6. If a Standalone (i.e. algorithm only without human-in-the loop performance) was done

• Yes, a standalone performance was done for the device itself. The device itself is a standalone, rapid immunoassay that produces a visual result inherently. There is no separate "algorithm" being evaluated beyond the chemical assay's performance.
• The "Precision" studies and "Cut-off" studies directly demonstrate the device's performance in detecting specific concentrations without human interpretation variability influencing the reported percentage agreements at extreme concentrations.
• The "Method Comparison Studies" compare the device's visual output (as interpreted by "Viewers") directly against GC/MS. This is a measure of the device's accuracy in producing a result that then is read.

7. The Type of Ground Truth Used (expert consensus, pathology, outcomes data, etc.)

• Spiked Samples (for Precision, Cut-off, Interference, Specificity, and Lay-user Studies): Known concentrations of target analytes (Cannabinoids, MDMA) added to urine. This is a highly controlled laboratory method to establish ground truth.
• Gas Chromatography/Mass Spectrometry (GC/MS) (for Method Comparison Studies and confirmation for Lay-user Study samples): This is an advanced analytical chemical method, considered a gold standard for confirming the presence and concentration of drugs in urine.

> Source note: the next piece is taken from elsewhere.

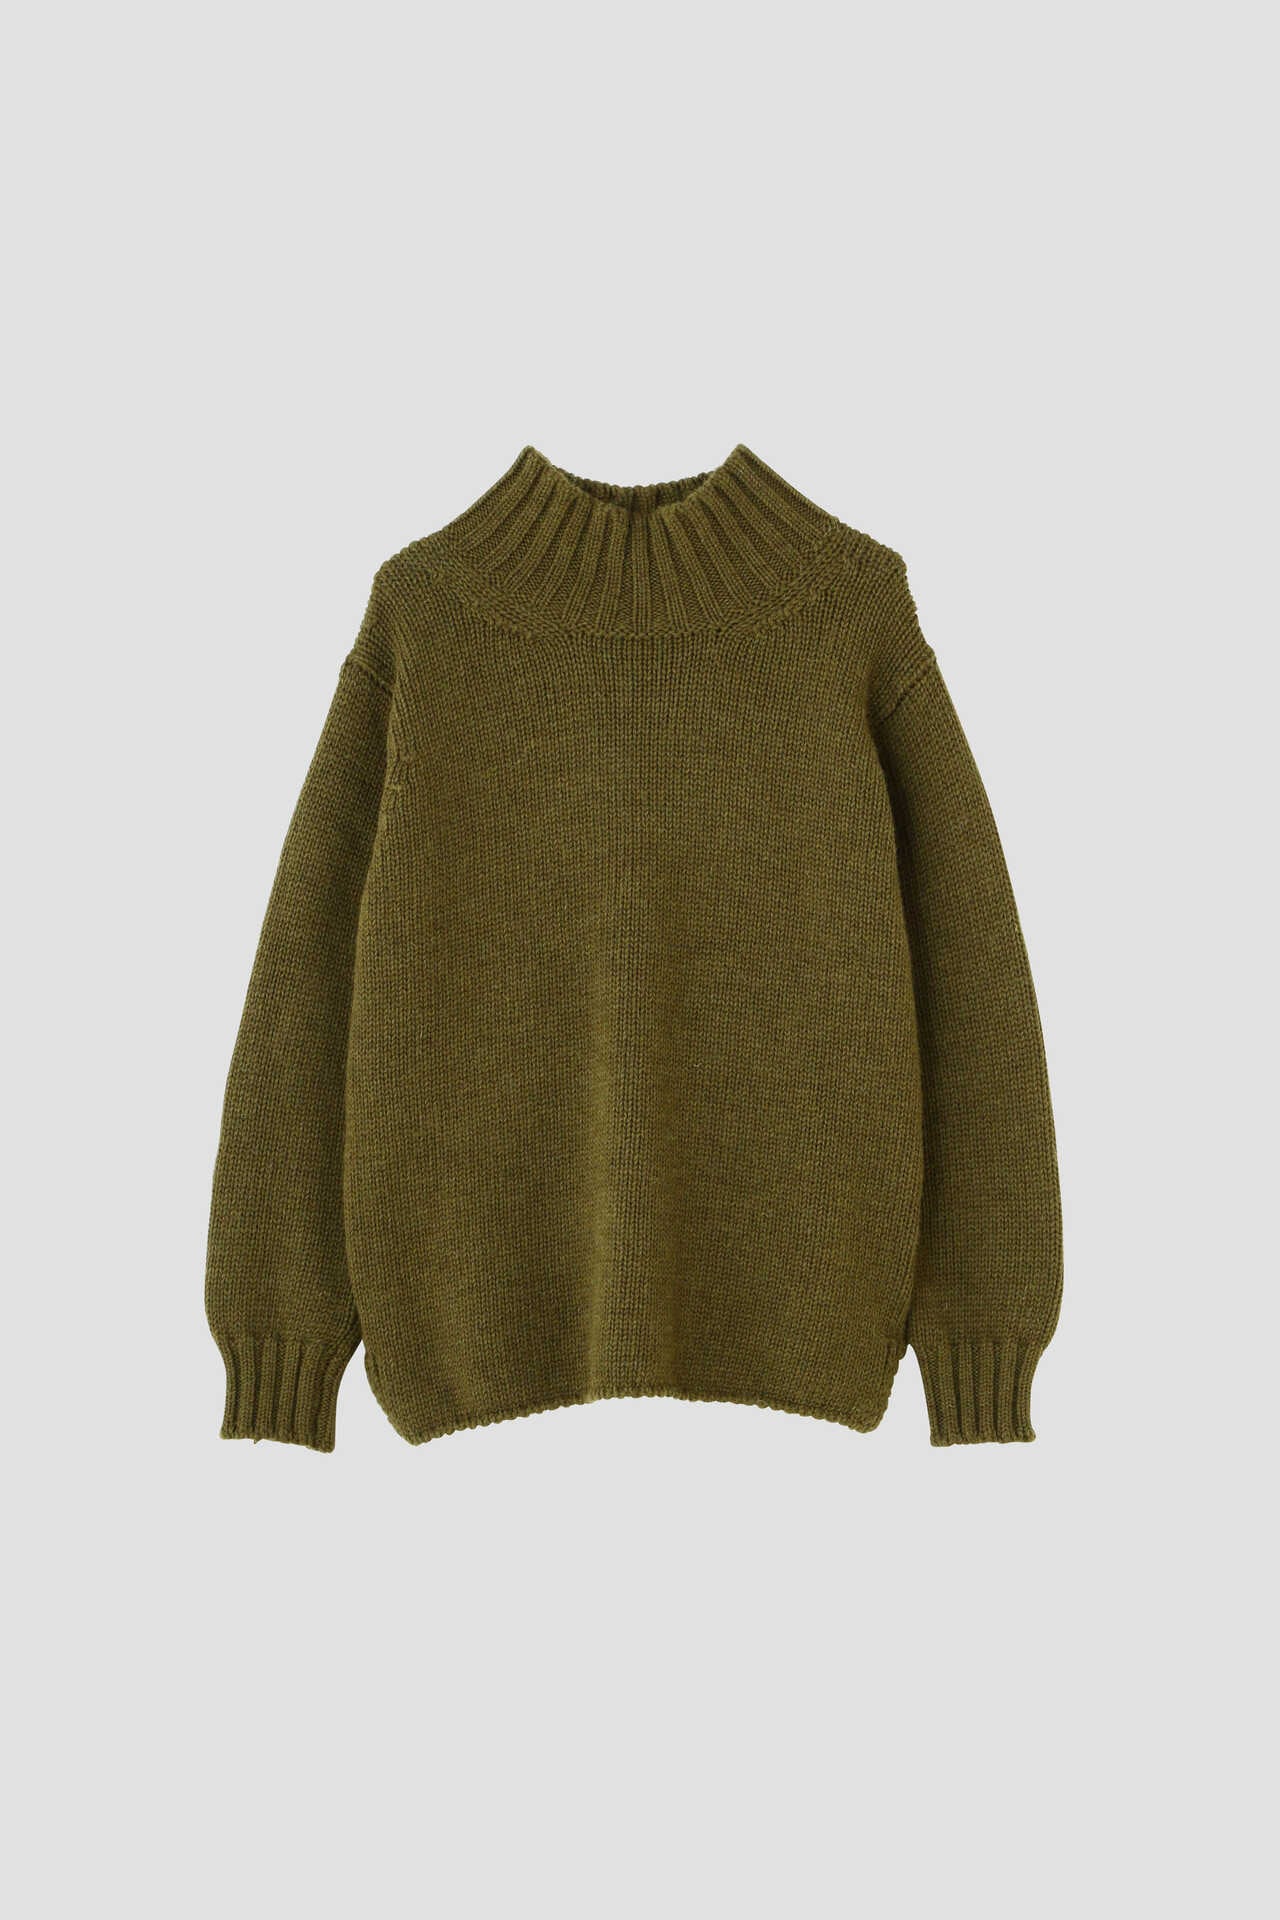 MHL pull over sweater

8. The Sample Size for the Training Set

• Not applicable. These are lateral flow immunochromatographic assays, not machine learning or AI models with "training sets." The device's performance is based on its chemical and biological components, which are designed and manufactured, not "trained" in the computational sense.

9. How the Ground Truth for the Training Set Was Established

• Not applicable, as there is no training set for this type of device.